WordPress / openverse

Openverse is a search engine for openly-licensed media. This monorepo includes all application code.
https://openverse.org
MIT License
215 stars 177 forks source link

Some recently updated images are missing `license_url` in the `meta_data` field #4318

Open krysal opened 1 month ago

krysal commented 1 month ago

Description

On 2024-05-08 UTC the batched_update DAG was triggered[^1] to fill the license_url in the meta_data field with its corresponding value for rows WHERE license = 'by' AND license_version = '2.0', and it reported a successful end on 2024-05-09, 17:00:18 UTC updating 746,571 records. However, after triggering a run of the add_license_url DAG on 2024-05-10, it reported the same row number missing said license, which indicates that some workflows may not be filling this field or are overwriting it.

Flicker is confirmed to be on the set of rows missing this value.

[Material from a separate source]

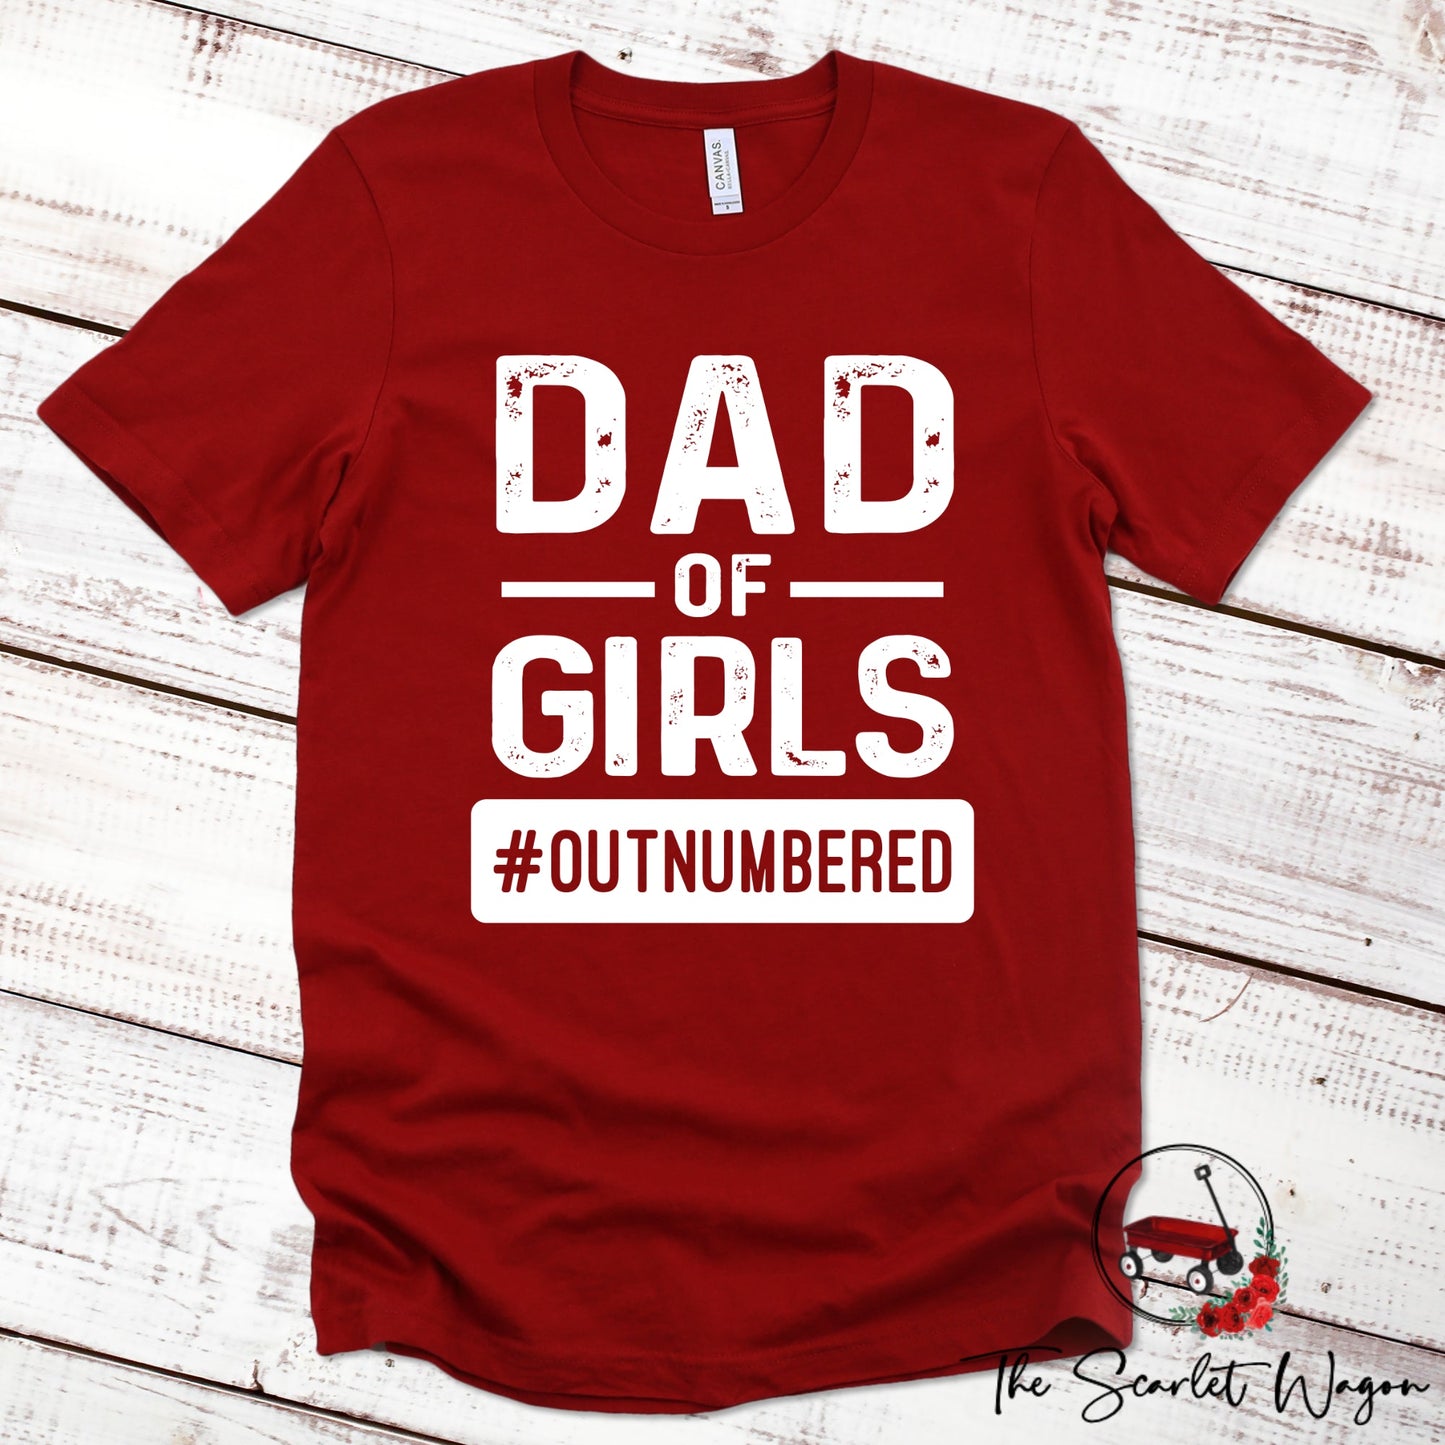 Dad of Girls #Outnumbered Premium Tee Scarlet Wagon Red XS

SELECT source, provider, created_on, updated_on FROM image 
 WHERE license = 'by' AND license_version = '2.0' AND meta_data->>'license_url' IS NULL LIMIT 2;

+--------+----------+-------------------------------+-------------------------------+
| source | provider | created_on                    | updated_on                    |
|--------+----------+-------------------------------+-------------------------------|
| flickr | flickr   | 2020-04-28 07:20:32.183578+00 | 2024-05-12 03:13:46.696867+00 |
| flickr | flickr   | 2020-04-28 07:08:30.821693+00 | 2024-05-12 03:13:46.696867+00 |
+--------+----------+-------------------------------+-------------------------------+

If there are more, it is to be confirmed. It is known the Flickr DAG was running those days, as well as Europeana, the Finnish Museum, Wikimedia Commons, and the Metropolitan Museum.


Screenshot of DAG reports on Thursday, May 9th. Time is in VET.

[^1]: Link only available to maintainers.

Additional context

Discovered while working on #3885.

krysal commented 3 weeks ago

On Friday I started another run of the add_license_url DAG and confirmed a relapse in a set of rows. More precisely, we got almost exactly the same count of missing license URLs that the previous run.

Starting `add_license_url` DAG. Found 8 license groups with 4919778
records to back fill `license_url` in `meta_data`.
Count per license-version:
╭────┬───────────┬───────────┬───────────╮
│    │ license   │   version │     count │
├────┼───────────┼───────────┼───────────┤
│  0 │ by        │       2.0 │   746,571 │
├────┼───────────┼───────────┼───────────┤
│  1 │ by-nc     │       2.0 │   619,675 │
├────┼───────────┼───────────┼───────────┤
│  2 │ by-nc-nd  │       2.0 │ 1,280,516 │
├────┼───────────┼───────────┼───────────┤
│  3 │ by-nc-sa  │       2.0 │ 1,316,664 │
├────┼───────────┼───────────┼───────────┤
│  4 │ by-nd     │       2.0 │   374,017 │
├────┼───────────┼───────────┼───────────┤
│  5 │ by-sa     │       2.0 │   448,449 │
├────┼───────────┼───────────┼───────────┤
│  6 │ cc0       │       1.0 │    96,493 │
├────┼───────────┼───────────┼───────────┤
│  7 │ pdm       │       1.0 │    37,350 │
╰────┴───────────┴───────────┴───────────╯

Exploring what rows are involved this is the distribution by providers and sourcers. Flickr is concentrating most of it.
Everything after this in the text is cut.